Sun Signs, by Shelley Hrdlitschka, Orca, 176 pages, $9.95, ages 12 and up

The protection that on-line life offers, as well as the opportunities that abound for revelation of real and false selves, are just a two aspects of this clever, multifaceted novel.

Sun Signs takes the form of a series of e-mail conversations among five people. Interspersed between the e-mail is the diary/journal of the main protagonist, Kaleigh, aka cosmicgirl.

Kaleigh is embarking on a distance-education high school science course, the purpose of which is to study the seven steps of the scientific method, from stating the problem to forming the hypothesis to recording and analyzing data and sharing discoveries.

For reasons that become clear as the novel unfolds, Kaleigh decides to investigate scientific method via astrology which, as her on-line teacher, Mr.
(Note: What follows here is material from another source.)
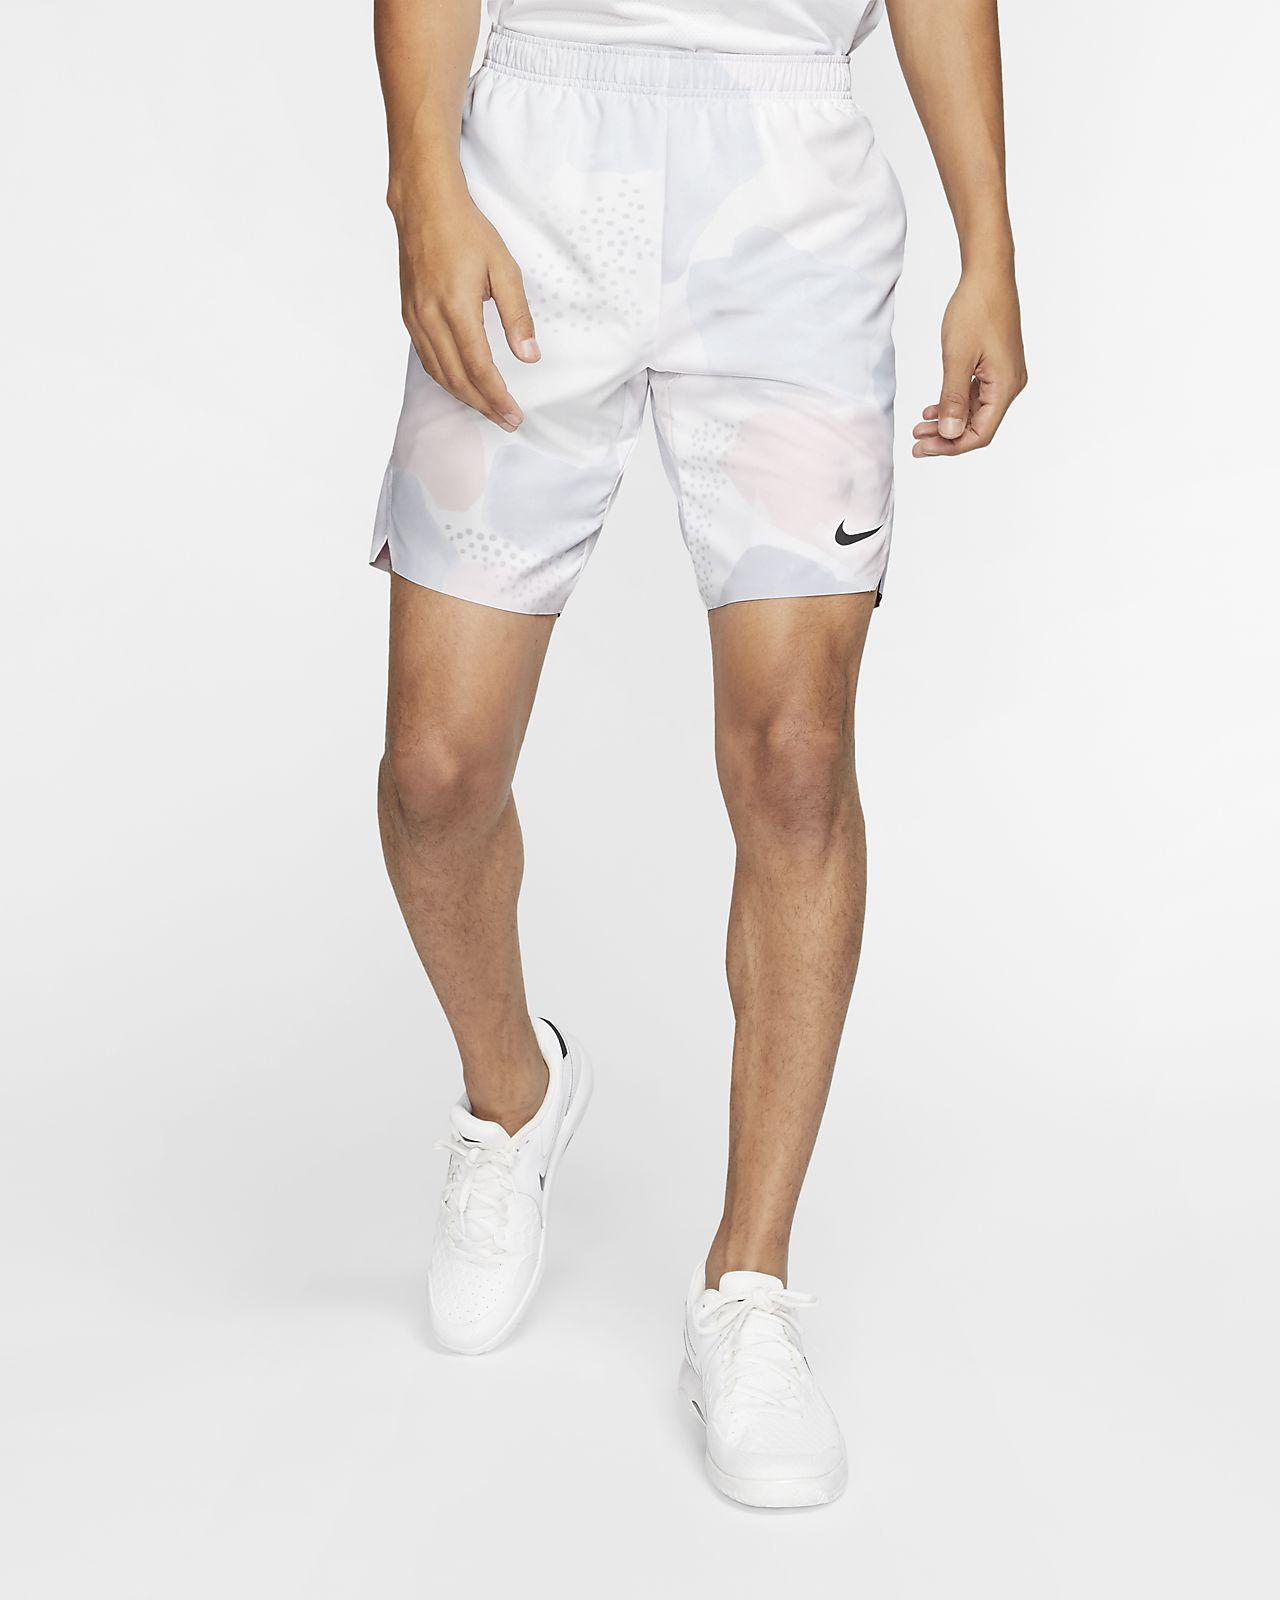 Pánské tenisové kraťasy s potiskem NikeCourt Flex Ace
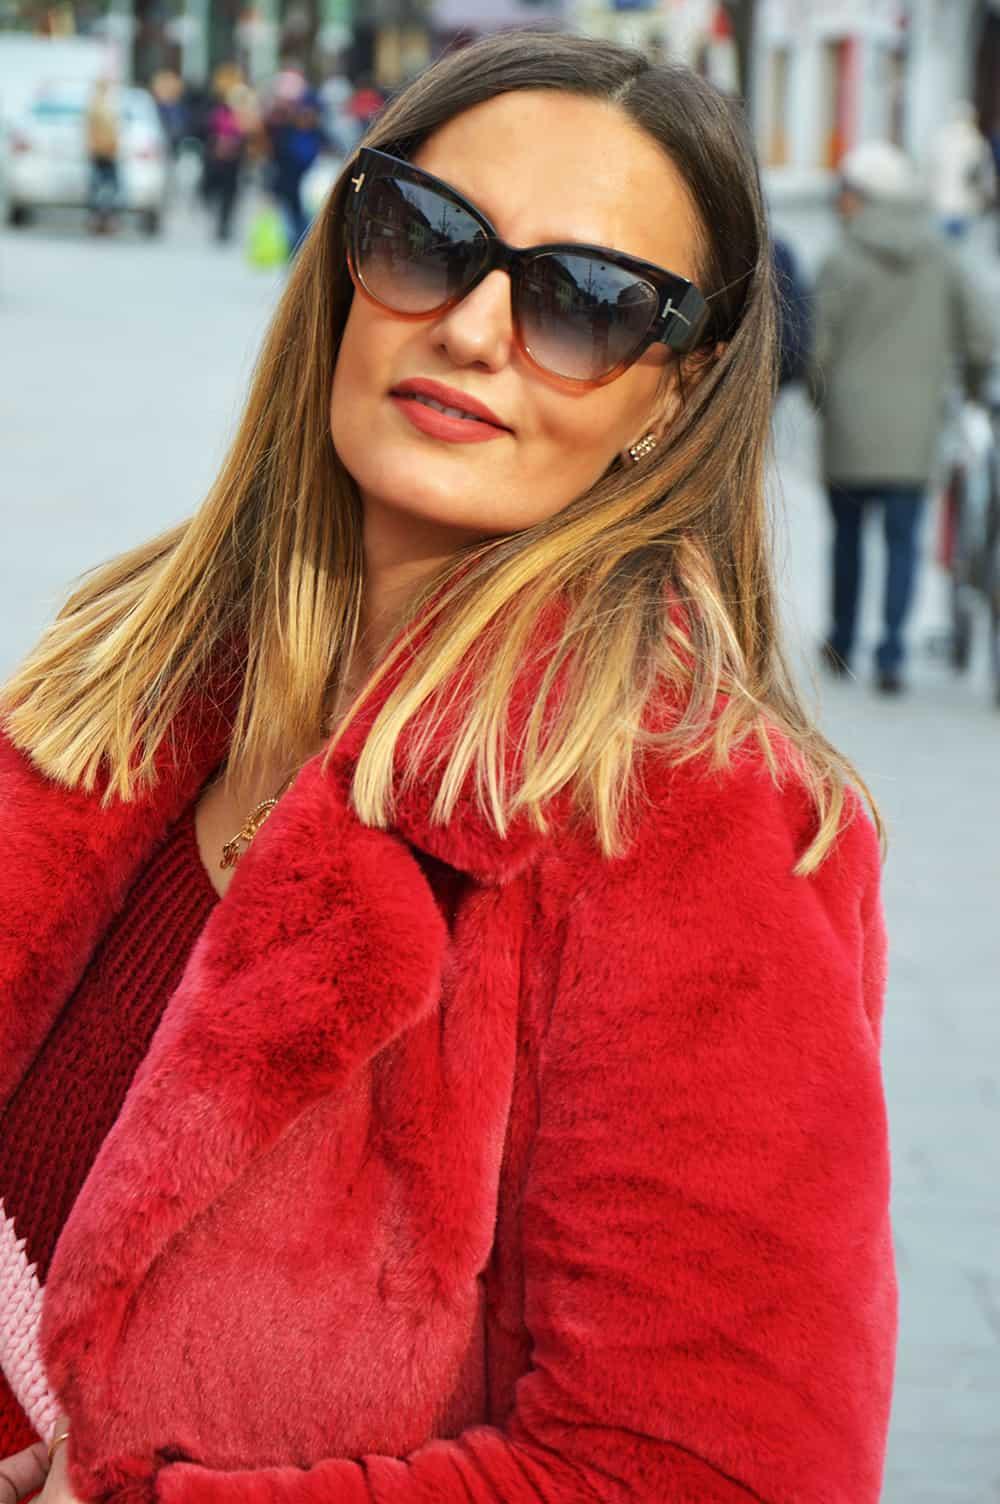 Red Fur Coat The Fashion Tag Blog

Selenski, points out, is not really a science. Nevertheless, he is prepared to go along with her as long as she is able to fulfill all the steps of the enquiry.

Kaleigh/cosmicgirl enlists three Leos on-line -- 2good4u, blondshavemorefun and starlight -- as her subjects; each will tell her whether their daily, weekly and monthly horoscopes tell the truth about or predict events in their daily lives.

The project becomes unstuck for a number of reasons, not the least of which is the fact that the reports from Kaleigh's subjects appear to be based on fabrications, aka lies, rather than the truth. In addition, it becomes apparent that each of the correspondents has an interesting reason for learning on line rather than in a regular high school.

In Kaleigh's case, it slowly and rather shockingly comes to light that she is being treated with chemotherapy and radiation for Ewing's sarcoma, the fatality rate for which is 60 per cent, which explains her interest in the fortunes told by the stars. Other revelations from the other characters make this a compulsively readable novel.